The practical payoff comes from sequencing those capabilities carefully. A focused workflow, explicit measures, controlled access, and continuous evaluation provide a more credible path to value than attempting broad autonomy at launch.

Key takeaways
- Define the business outcome and proof of success before choosing prompts, models, or tools.
- Begin with a repeatable workflow whose inputs, outputs, and failure conditions can be judged clearly.
- Increase capability in stages: relevant retrieval, limited tools, read-only integrations, controlled actions, and then broader autonomy.
- Treat privacy, governance, evaluation, observability, and human escalation as product requirements from the beginning.
- Scale only when operational quality and the intended business outcome remain stable in production.
Start with a decision contract, not an agent concept

An agent initiative becomes testable when the team can state what decision or task the system will handle, what information it requires, what it must never do, and how success will be measured. This creates a decision contract between the product, its users, and the organization operating it.

The supplied source recommends anchoring an AI strategy to one measurable outcome before writing a prompt or selecting a model. It gives lead response time, first-contact resolution, and time-to-first-value as possible measures. Those examples illustrate an important distinction: the agent is a means of changing workflow performance, not the outcome itself.

This framing also makes AI readiness concrete.
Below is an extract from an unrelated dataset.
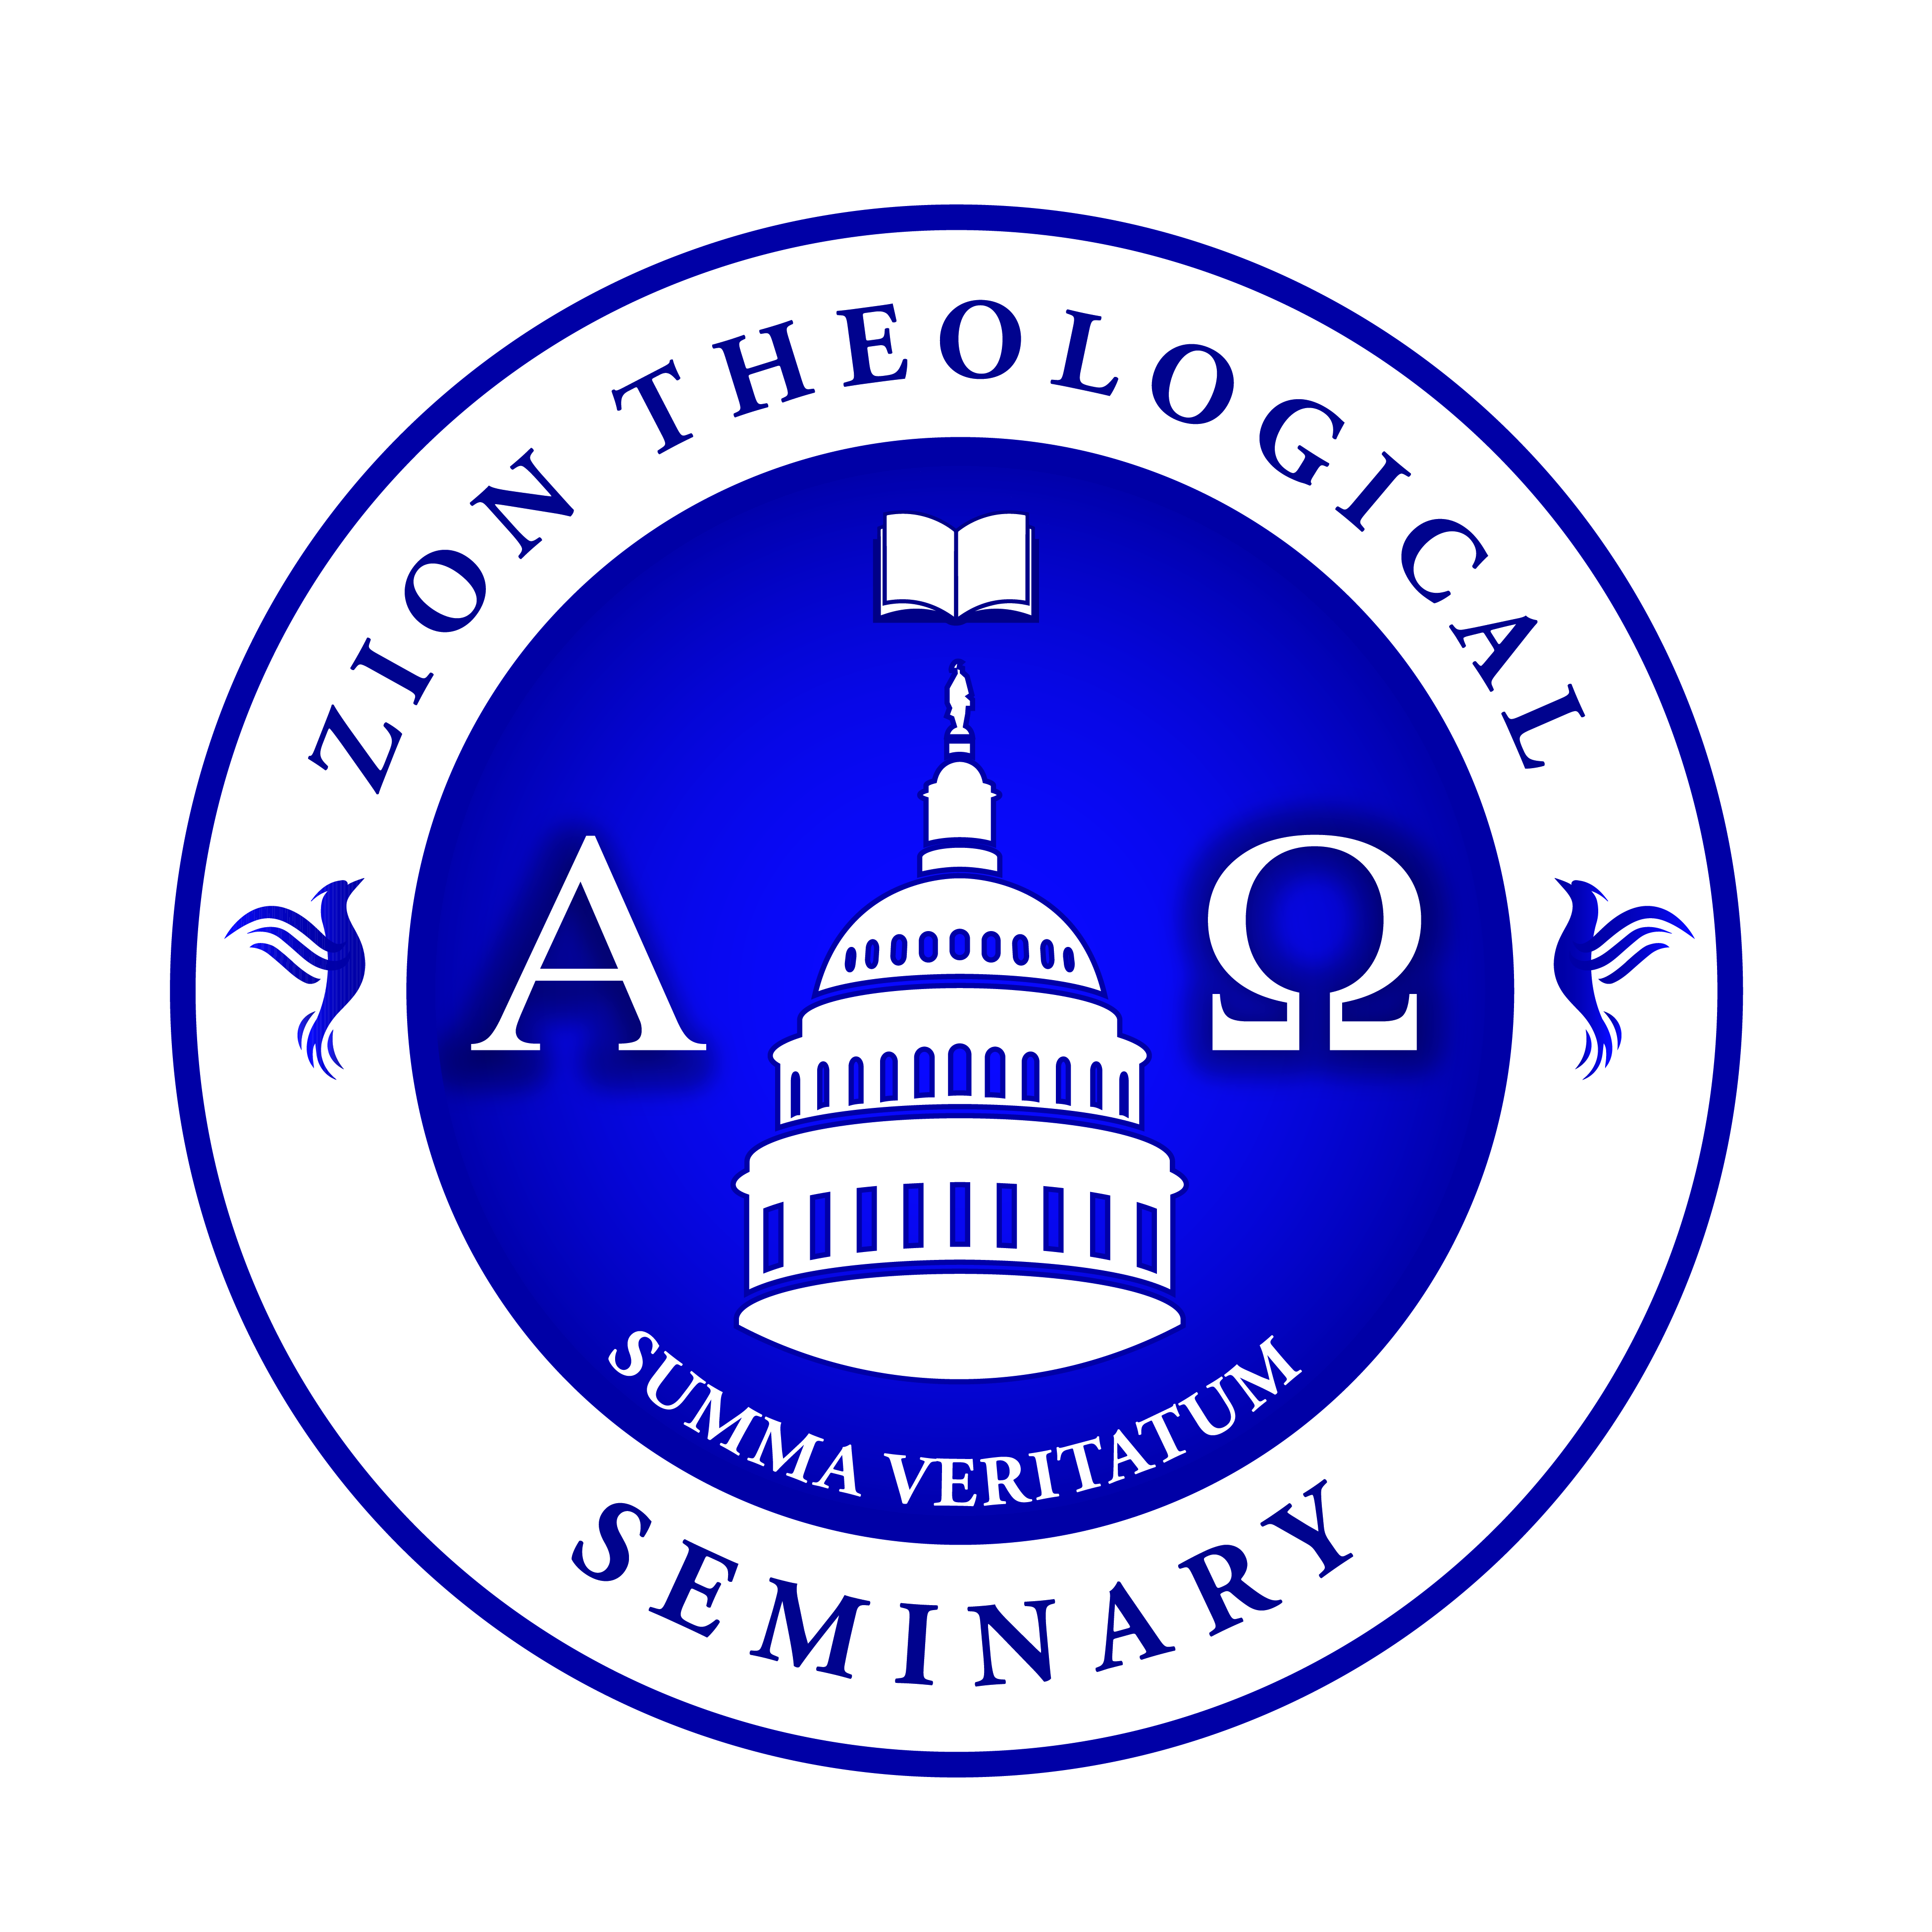 Zion Theological Seminary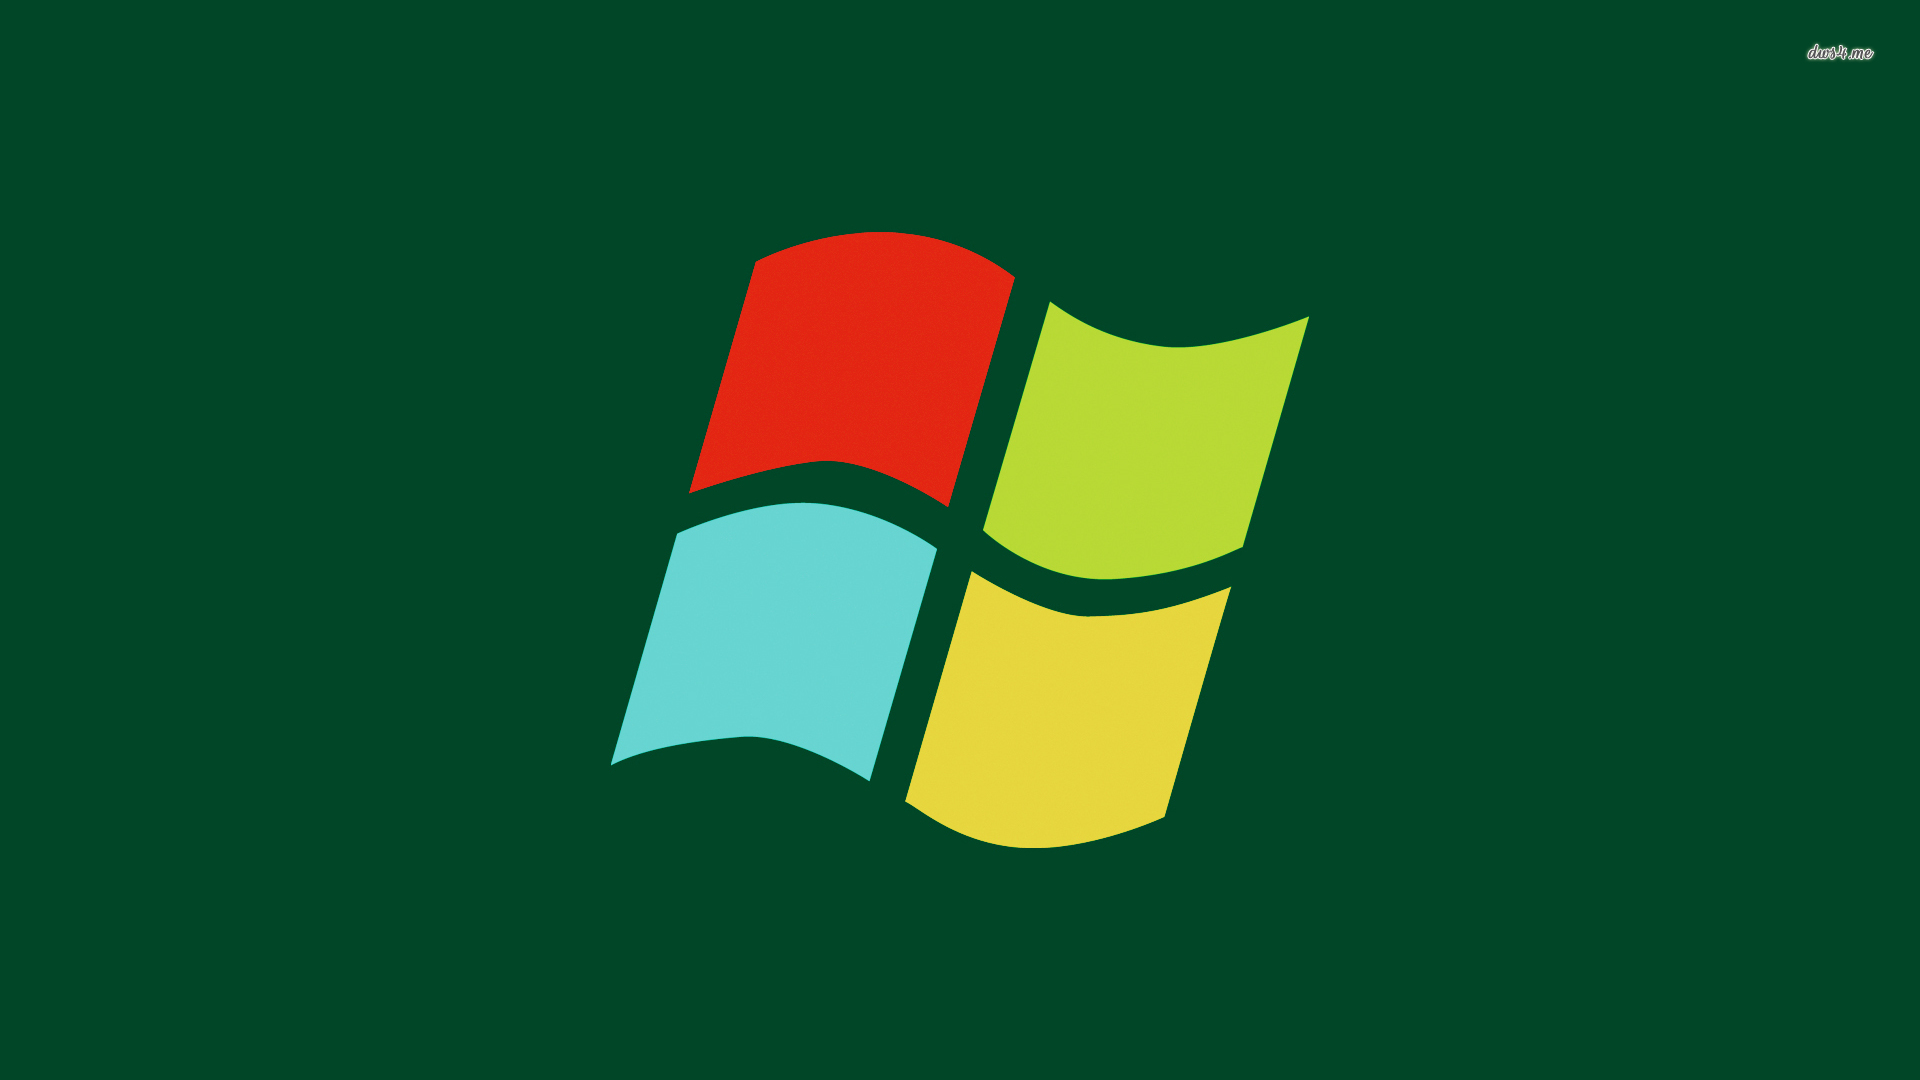 Windows 7 Starter Logo - HD Wallpaper

Instead of asking whether an organization is generally ready for agents, a product team can examine one workflow: Is the required data available? Are the inputs sufficiently consistent? Can acceptable output be recognized? Are the constraints and escalation conditions explicit? A negative answer identifies product work to complete; it does not automatically call for a more capable model.

A useful initial scope therefore has clear boundaries and frequent enough repetition to produce evidence. The source identifies support-ticket triage, inbound-lead qualification, and account-note summarization as examples. Their significance is not that every organization should adopt them, but that they offer observable inputs and outputs. That makes errors easier to classify and improvements easier to evaluate.

Design capability as an autonomy ladder

The core architectural question is not whether an agent can perform an action. It is what evidence should be required before the product is allowed to perform that action without review. Treating capability as an autonomy ladder gives the team intermediate states between a passive assistant and an unrestricted operator.

The source proposes a retrieval-first pipeline that introduces only relevant knowledge into the context window. In product terms, retrieval is part of the experience contract: the system should receive the information needed for the task without being burdened by unrelated material. This can improve the conditions for relevant responses, although retrieval does not eliminate the need to evaluate the final behavior.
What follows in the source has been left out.